EL EXTRAÑO, por Evangelina Arroyo

Cuando nació, lo llevaron debajo del olivo para que fuera bendecido por el sacerdote del pueblo. Gloria, su madre, apenas veinte años, supo desde el comienzo que su hijo venía signado por quién sabe qué extraña fatalidad. Su padre, albañil de oficio y embustero de profesión, sólo le garantizó un nombre y su apellido: Alfredo Cañeda.
Alfredito tuvo infancia feliz y padres más separados que unidos bajo el mismo techo, pero no por ello dejó de ser alguien a quien le gustaba divertirse.
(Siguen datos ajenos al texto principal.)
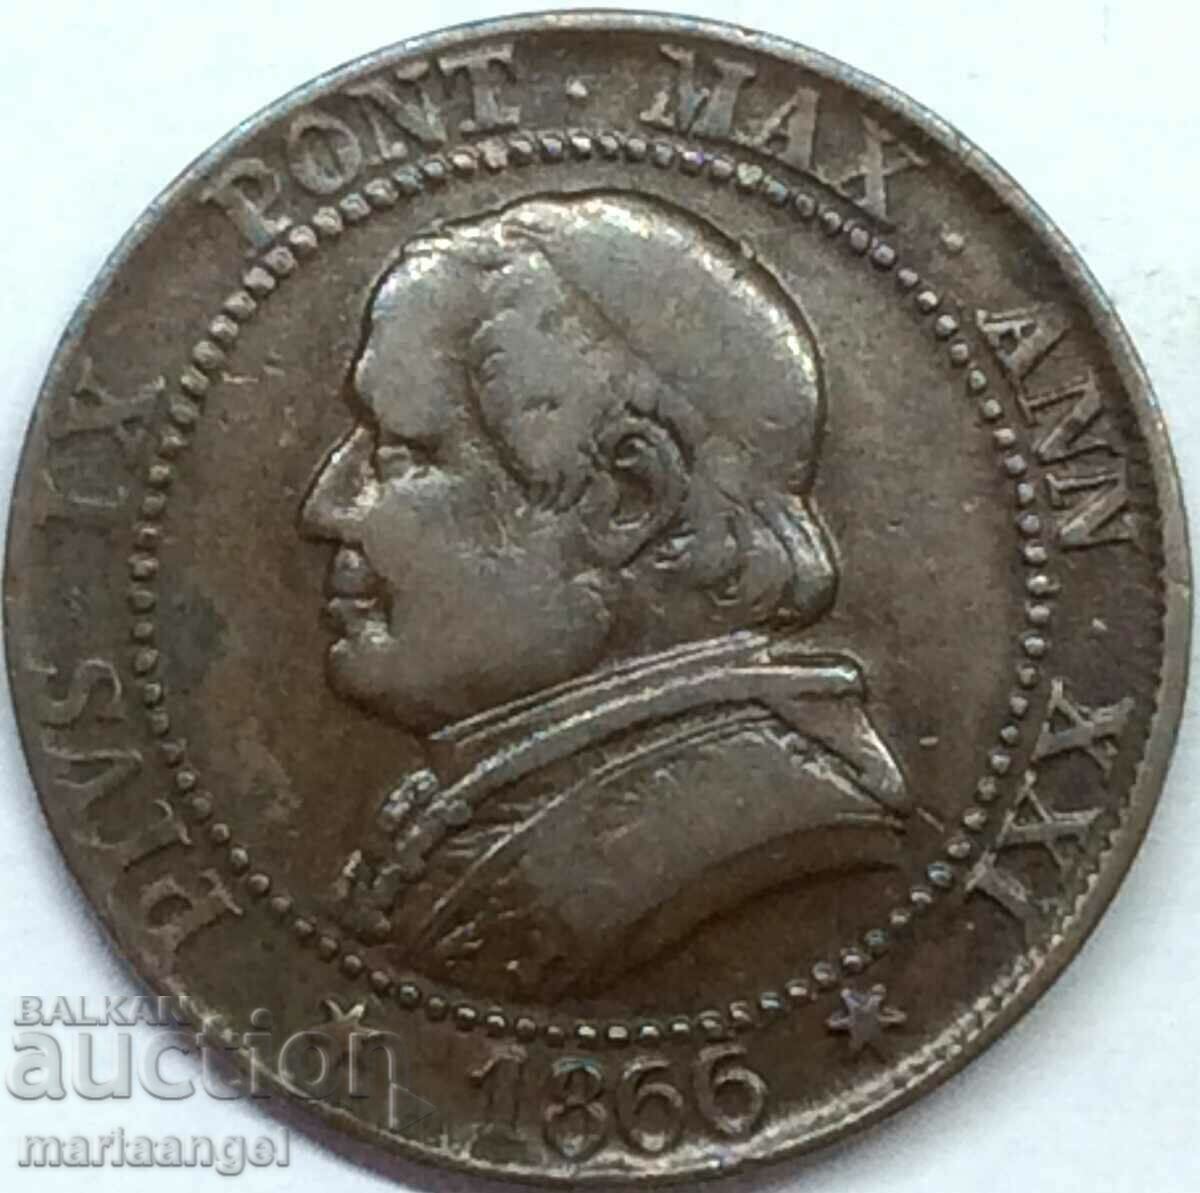 1 soldo 1866 5 centesimi Vatican Pius IX 32mm bronze

Cuando tenía cuatro años, conoció a unos niños que vivían a pocos metros del arroyuelo. Eran los hijos del pescador, unos trillizos muy sociables que lo invitaban a jugar todas las tardes cerca del agua. Un día le obsequiaron un nido de colibrí lleno de flores silvestres para su mamá. Luego, un ramo de “cola de zorro” para que ahuyentara los mosquitos. Pero el mejor presente que recibió el pequeño fue una pluma blanquísima de paloma mensajera. Alfredito fue corriendo a su casa con la pluma en la mano y, al llegar, la guardó debajo de su almohada. Esa noche durmió tan profundo que apenas susurró en sueños. Cuando despertó, no encontró la pluma donde la había guardado; en cambio, sintió en su espalda un pinchazo, una grieta, algo que brotaba. Como no llegaba a verse, le preguntó a su mamá qué tenía detrás, sí, mami, acá, en la espalda, con llanto dolido y desesperado.  Gloria dudó en acercarse, puesto que nunca en su vida había visto una cosa como aquella. Para distraer y no asustar a Alfredito, le  dijo que era una astilla, seguro que se te pegó en la ropa jugando ayer con los chicos. De ese modo lo tranquilizó un poco, pero quedó pensativa durante unas semanas.
Eso que tenía en la espalda se multiplicaba por dos, por cuatro, hasta que un par de  enormes alas abrazaron  al niño. Una tarde tuvieron que descolgarlo de un sauce porque el viento lo había elevado tanto que no alcanzaron a sostenerle los pies. Su madre, ya sin saber qué hacer, lo encomendó al Señor, a la Virgen y a todos los Santos conocidos.
Alfredo tuvo que crecer encerrado, contemplando el sol desde la ventana y recibiendo las pocas visitas que se atrevían a enfrentar semejante ser. Nunca más vio a sus tres amigos; sólo escuchó que se habían ido del pueblo viajando río arriba.
Sumido en una profunda soledad y abatido por el peso de sus alas, Alfredo saltó desde el techo de su casa con la obsesión de salir volando y no regresar nunca más a ese poblado. Pesaba tanto su plumaje, que ni siquiera el viento de la tormenta pudo elevarlo suficientemente como para llevar a cabo su propósito. Luchó y luchó contra la pesadez, la tormenta aumentaba su furia, había plumas esparcidas sobre el suelo.
Al atardecer, una vez pasada la lluvia, Gloria advirtió que su hijo no estaba en la cama ni tampoco en el resto de la casa. Corrió hacia la calle, un tumulto de gente rodeaba un árbol. Mientras llegaba al lugar, se encomendó al Señor, a la Virgen y a todos los Santos conocidos. No quiso mirar a Alfredo, su niñito, que yacía muerto con alas blanquísimas debajo del olivo donde había sido bautizado.


2 comentarios:

vicky marin dijo...

impecable como siempre!!!

miriam dijo...

qué fluidez narrativa!!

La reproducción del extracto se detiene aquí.